A knock came on the door, and I opened up to see a middle-aged chamberman staring back at me, extending a tank of oxygen. He’d appeared at my door three hours before, impassive under his mop of dark hair, with a tray of candies in the shape of watermelon slices. Was it the ten thousand feet altitude that made me not myself like this? The five or six cups of coca tea
I’d drunk this morning, from the thermos set out in the lobby to help newcomers adjust to the heady atmosphere?
Why had I suddenly remembered, this morning, how my father once, eyes alight and regularly magnetic, had broken into torrents of infectious laughter when the Mother Abbess in
The Sound of Music
had burst into “Climb Every Mountain”? Forty years on, in a very different land, I’d heard myself do the same at exactly the same point in the story.

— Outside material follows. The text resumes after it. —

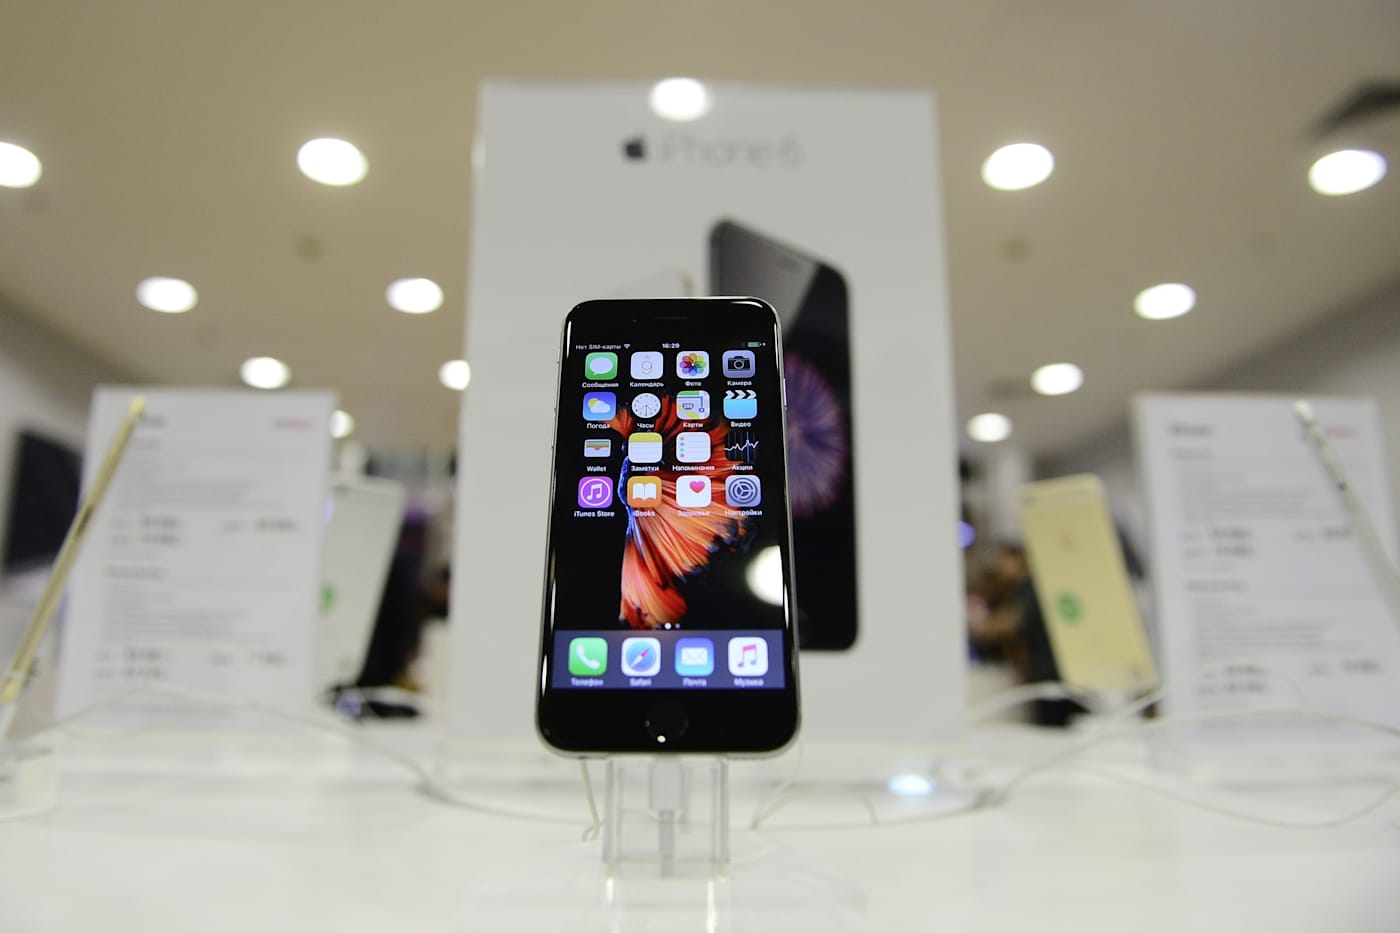 苹果再达里程碑,但 iPhone 销量有放缓迹象

I looked down again and saw the name in my handwriting: “Greene.” The novelist had never even come to Bolivia, so far as I knew. Was it only through another that I could begin to get at myself?
I
drew back the curtains and, as the light came in, recalled that the same thing, weirdly, had happened three years before, pretty much to the day: I’d taken my mother to Easter Island, at the end of the last millennium, so we could get away from frenzied talk about Y2K in the presence of stone enigmas casting long shadows across great patches of grass. Though far from Catholic ourselves, we’d decided to go to Sunday Mass in a little church in the main town: how often would we get to see a service on Easter Island? Pretty altar girls walked down the aisles, dipping blue collection bags in front of us, as if foraging for goldfish. A priest at the front threw his arms out so we could see the rongorongo symbols on his white robe. Jesus above the altar hung outstretched as if he were just another stone totem, commanding respect with his silences.

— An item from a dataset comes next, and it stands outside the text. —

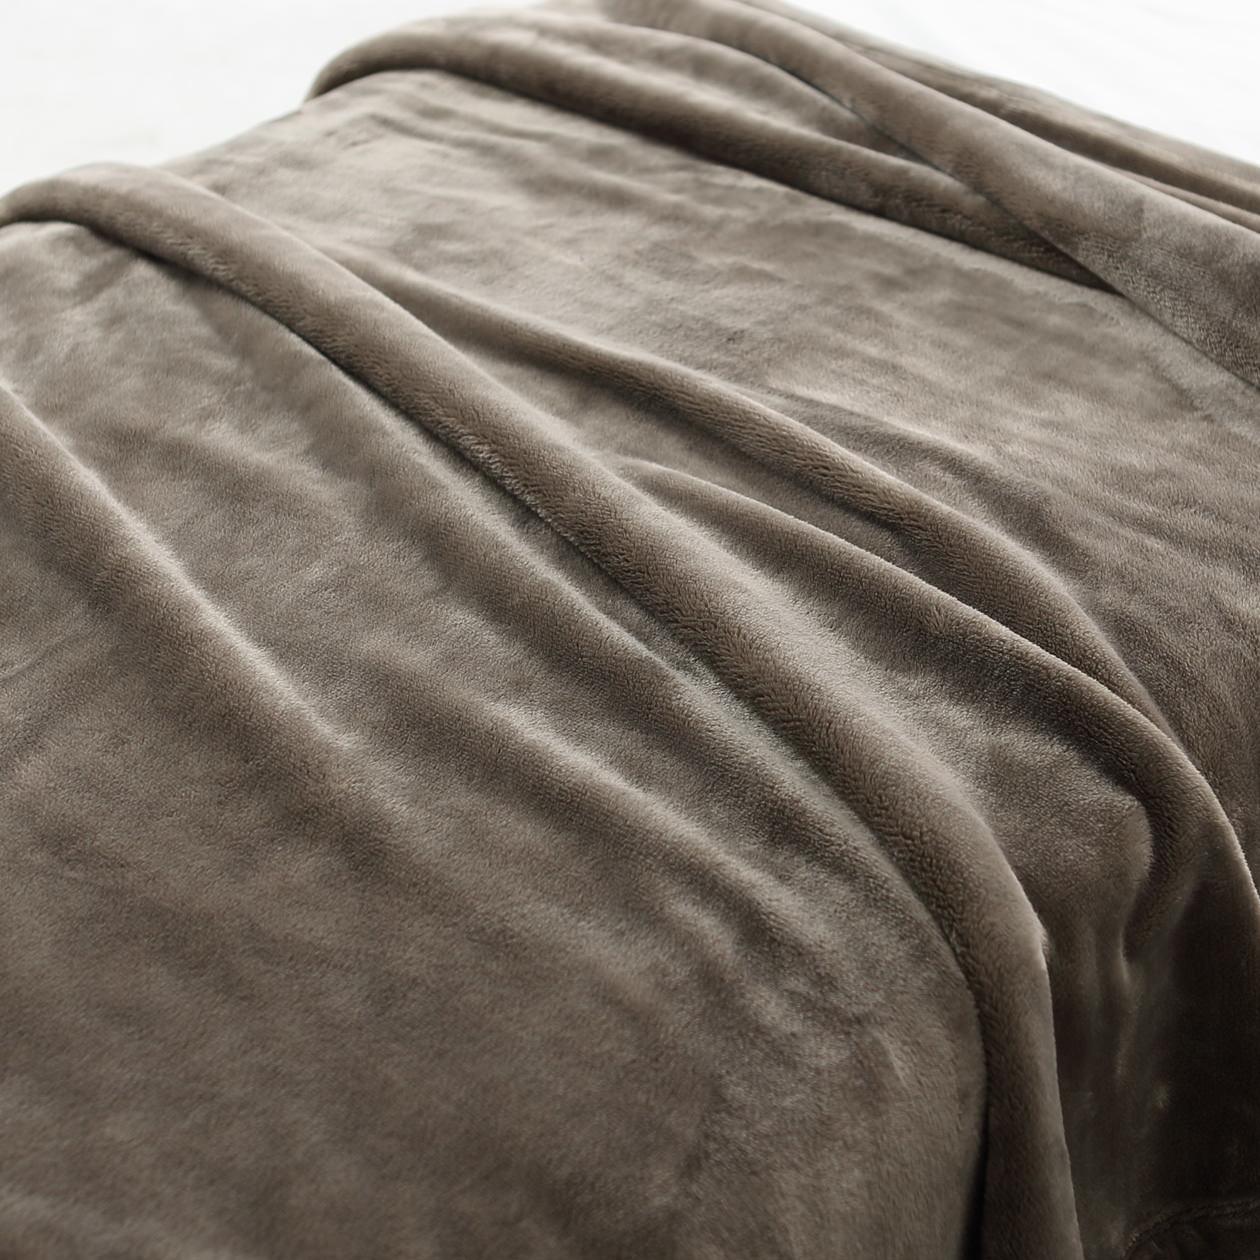 RoomClip商品情報 - あたたかファイバー厚手毛布・D/ベージュ D/ベージュ

We headed back to our simple motel, set beside the black
volcanic rocks against which the surf pounded and subsided, with nothing to be felt but Pitcairn Island, thirteen hundred miles away. My mother retired to take a nap; I, for no reason I could tell, went out to the green lawns behind our sliding doors, bringing a chair from my nearly empty room, and began to write. About a young man in Italy who becomes a priest, dreaming of bringing comfort to the afflicted and light to the darker places in the world. He’s sent to the Pacific, famously fertile ground for missionaries, and there, very soon, on Easter Island, he gets converted himself, till soon he is sitting on a terrace with his cocktail, while the children he has made with a pretty island girl play around his feet. His only hope is that Rome will never find out.